This matrix will show the percent identity between the human, chimpanzee, zebrafish, and flying fox.

pids <- c(100,             NA,              NA,              NA,
          pid(align01.03), 100,             NA,              NA,
          pid(align01.05), pid(align03.05), 100,             NA,
          pid(align01.08), pid(align03.08), pid(align05.08), 100)

mat <- matrix(pids, nrow = 4, byrow = T)
row.names(mat) <- c("Homo","Pan","Fish","Fox")   
colnames(mat) <-  c("Homo","Pan","Fish","Fox")   
pander(mat)

	Homo	Pan	Fish	Fox
Homo	100	NA	NA	NA
Pan	100	100	NA	NA
Fish	64.86	64.86	100	NA
Fox	83.22	83.22	63.13	100

PID methods comparison

Compare different PID methods. First we will compare humans and chimps

method <- c("PID1", "PID2", "PID3", "PID4")
PID.chimp <- c(pid(align01.03, type = "PID1"),
                pid(align01.03, type = "PID2"),
                pid(align01.03, type = "PID3"),
                pid(align01.03, type = "PID4"))
denominator <- c("(aligned positions + internal gap positions)",
                 "(aligned positions)",
                 "(length shorter sequence)",
                 "(average length of the two sequences)")

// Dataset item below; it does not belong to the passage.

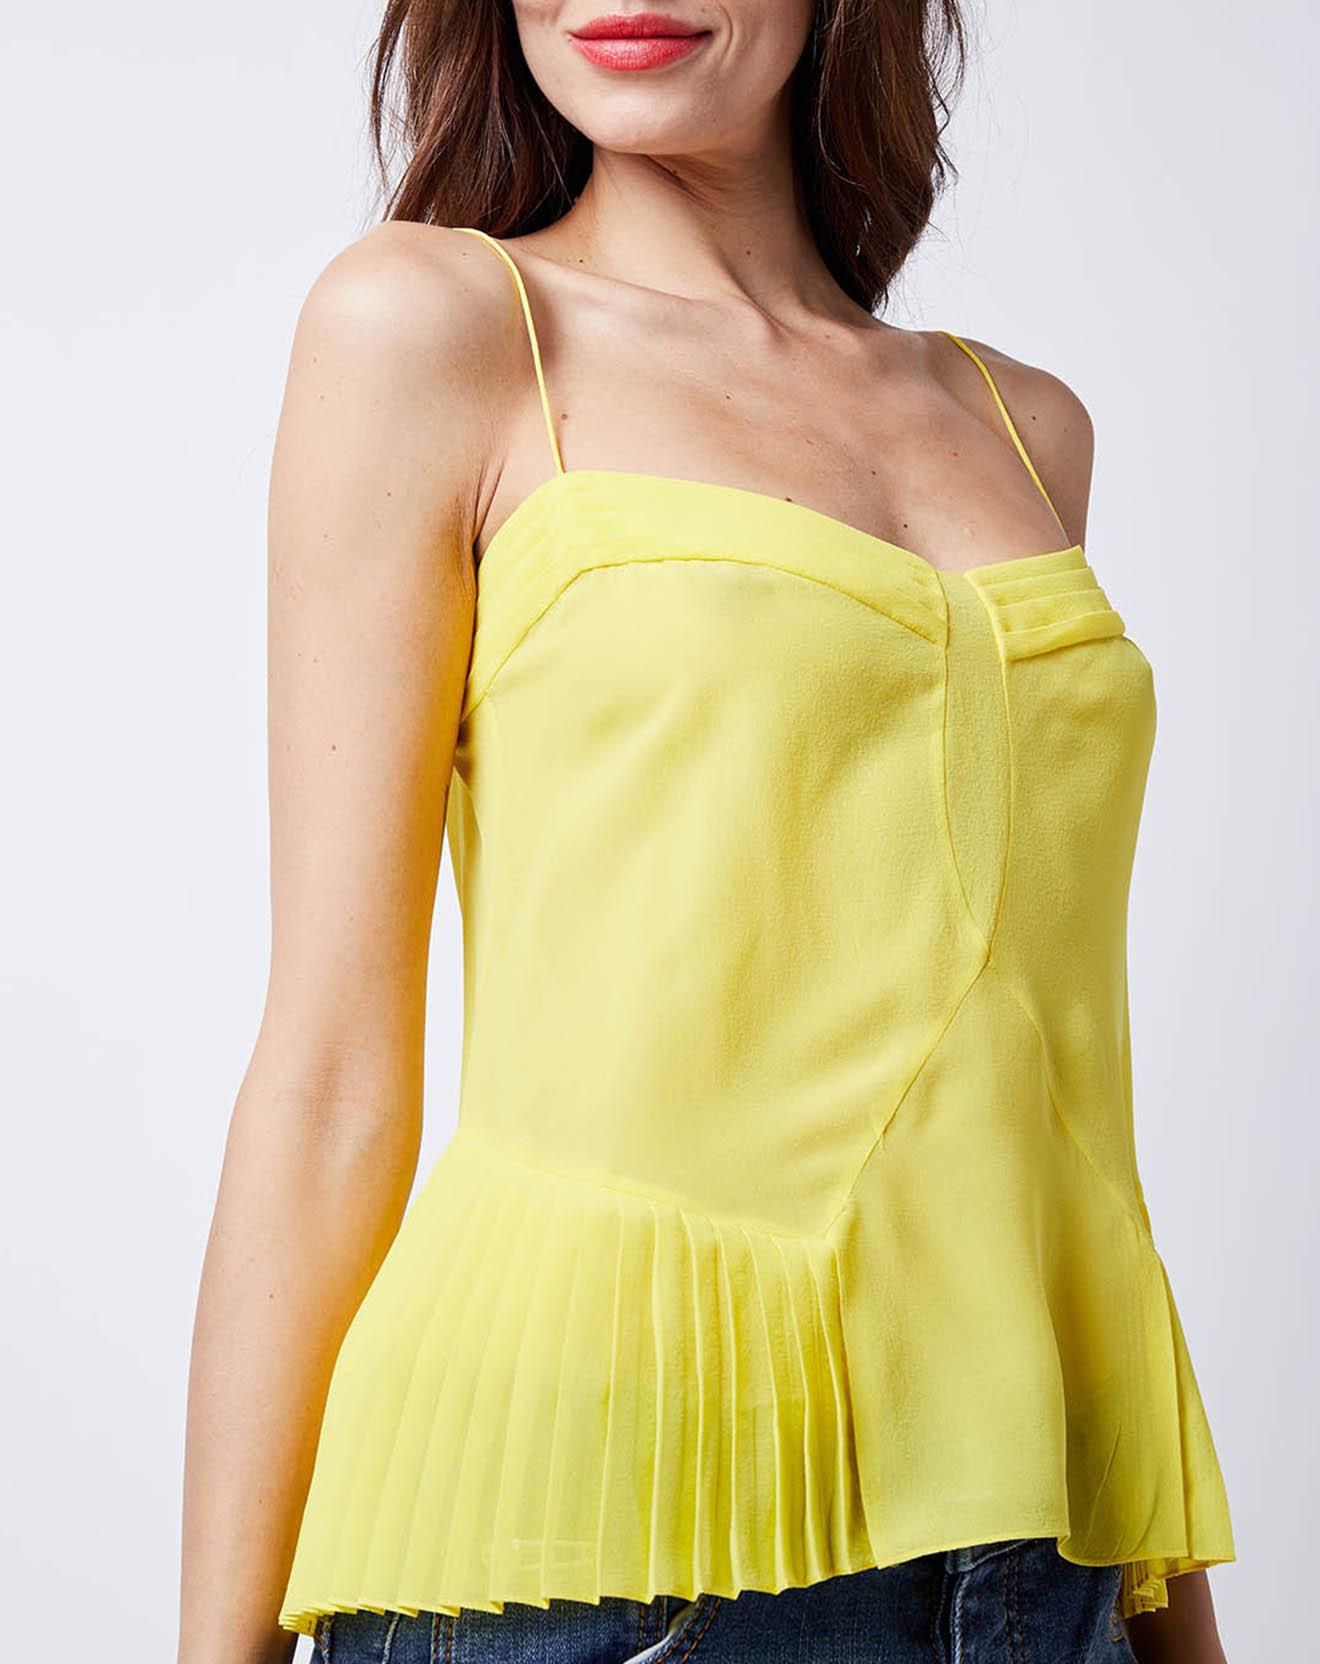 Débardeur 100% Soie à plis jaune - John Galliano - Modalova
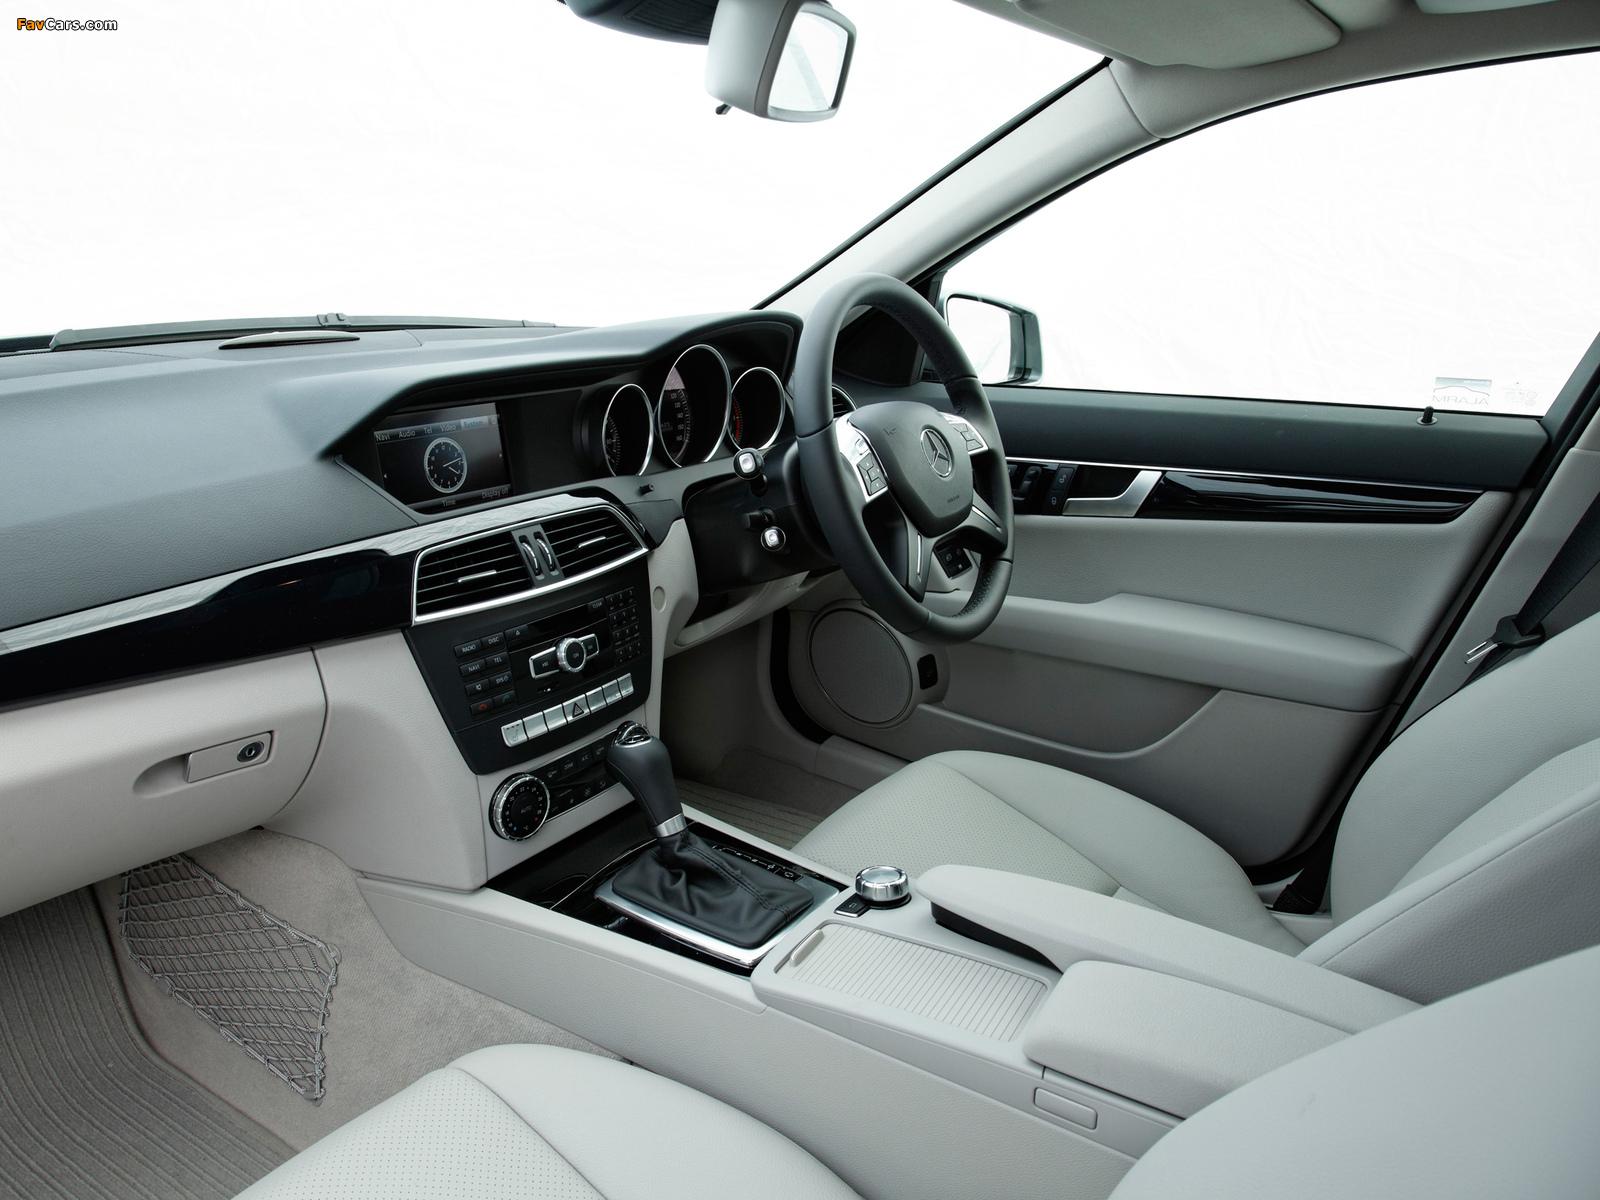 Mercedes-Benz C 220 CDI Estate UK-spec (S204) 2011 wallpapers (1600 x 1200)

pid.chimp.comparison <- data.frame(method, PID = PID.chimp, denominator)
pander(pid.chimp.comparison)

method	PID	denominator
PID1	100	(aligned positions + internal gap positions)
PID2	100	(aligned positions)
PID3	100	(length shorter sequence)
PID4	100	(average length of the two sequences)

We will now compare humans and zebrafish

PID.fish <- c(pid(align01.05, type = "PID1"),
                pid(align01.05, type = "PID2"),
                pid(align01.05, type = "PID3"),
                pid(align01.05, type = "PID4"))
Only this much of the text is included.